My overweight foster boy is losing about 0.2-0.3 lbs per day (3-5 oz/day). Does this sound like a healthy amount? Too much? Too little? He's down to 15.4 lbs, and probably needs to lose another pound (it's hard for me to tell; maybe half a pound, maybe more).


----------



## DaneMama (Jun 27, 2008)

It all depends on how he's acting and feeling overall. If he's acting normal and healthy then it's fine but if he's showing signs of issues...then there might be some reason for concern.


----------



## xellil (Apr 4, 2011)

When Snorkels needed to lose so much weight, I tried to keep it at 1 pound per month. Which would be about 4 oz per week. 

This was on vet advice - now, if she had lost faster maybe it would have been fine. I did feel more comfortable with it being a little slower, though.


----------



## SpooOwner (Oct 1, 2010)

xellil said:


> When Snorkels needed to lose so much weight, I tried to keep it at 1 pound per month. Which would be about 4 oz per week.
> 
> This was on vet advice - now, if she had lost faster maybe it would have been fine. I did feel more comfortable with it being a little slower, though.

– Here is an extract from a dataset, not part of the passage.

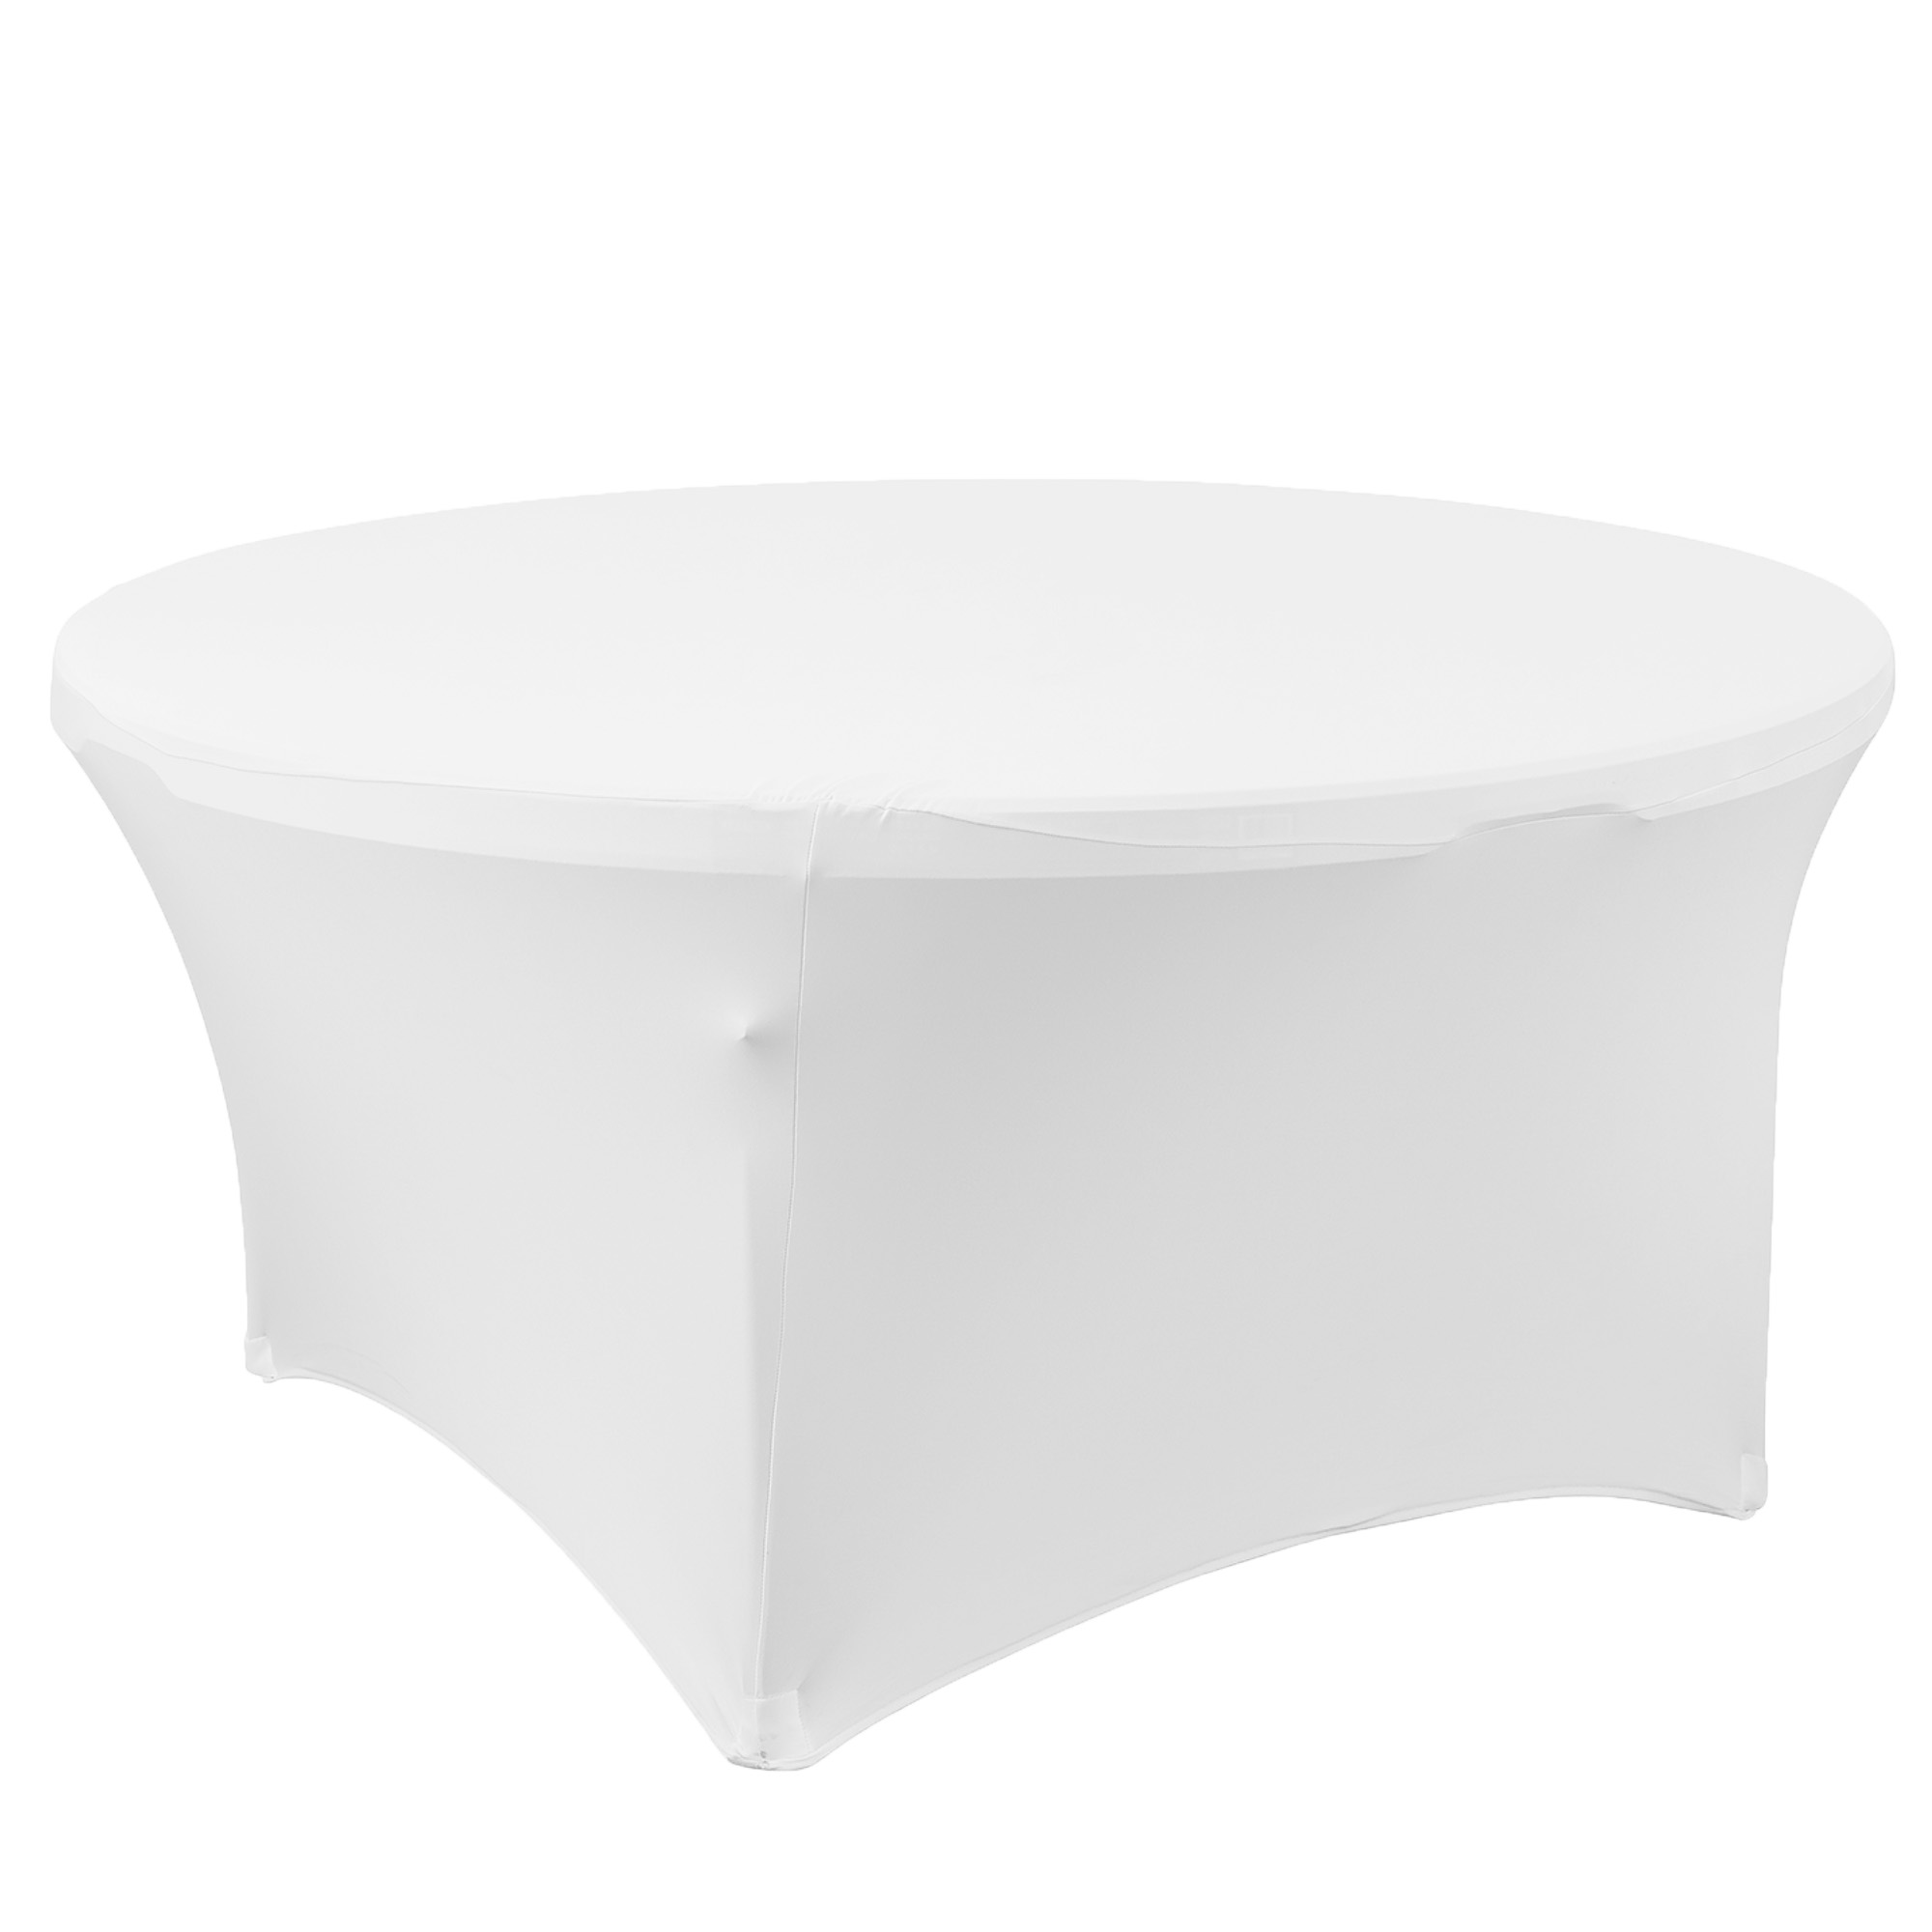 Spandex Round Table Cover 72" - White

Thank you, thank you, thank you, X. It seemed like a lot in terms of percentage of weight, but I'm still figuring out how to feed a little guy.


----------



## magicre (Apr 7, 2010)

it seems like a little too fast, but he's so close to what you want him to weigh, i'd just stick to your program...you're a very responsible owner, spoo, you'll start to stabilise his food according to his weight...and at the rate he's going, probably by the weekend


----------



## xellil (Apr 4, 2011)

It's really hard. Snorkels is my first small dog. i am used to much larger amounts, like you are. I have a really hard time keeping her the same weight. 

She needs to weigh about 10 pounds, and two months ago we went in and she weighed 11.7. Darn. Now reduce food, two months later she's down to 9.9. Next time, she might be 9 pounds or 11 pounds. I can't seem to get it right.

We are doing 4 oz of food a day now - I mean, it seems like almost no food at all. But it's a little less than 3% of her weight. 

Good luck - I think he's looking good from your last photo, shouldn't need to lose a whole lot.


----------



## SpooOwner (Oct 1, 2010)

Well, the little porker stole some venison last night and had himself a feast. Miraculously, he's still down to 15.3 lbs, even though he _looks_ like he gained a pound.

Now I totally understand why people weigh meals. It's really hard to keep track of how much he's eating. He gets more or less unlimited treats during the day when training, and about 0.3 lbs for dinner (one little wing, one small turkey neck, one strip of pork). Most of the treats are single ingredient, e.g. dehydrated lamb lung, so I feel ok giving them to him, I just have no idea how much he's getting. And I'm shocked that he isn't back up to 16 lbs after his all-you-can-eat buffet. My big dogs can gain or lose a couple of pounds and I don't even notice, but every ounce matters to this little guy.


----------



## xellil (Apr 4, 2011)

I weigh every ounce of Snorkels' food. it's so easy to overfeed them. 

And then, if you have other people in your family sneaking them Cheerios or some such, you gotta keep an eye on that also.


----------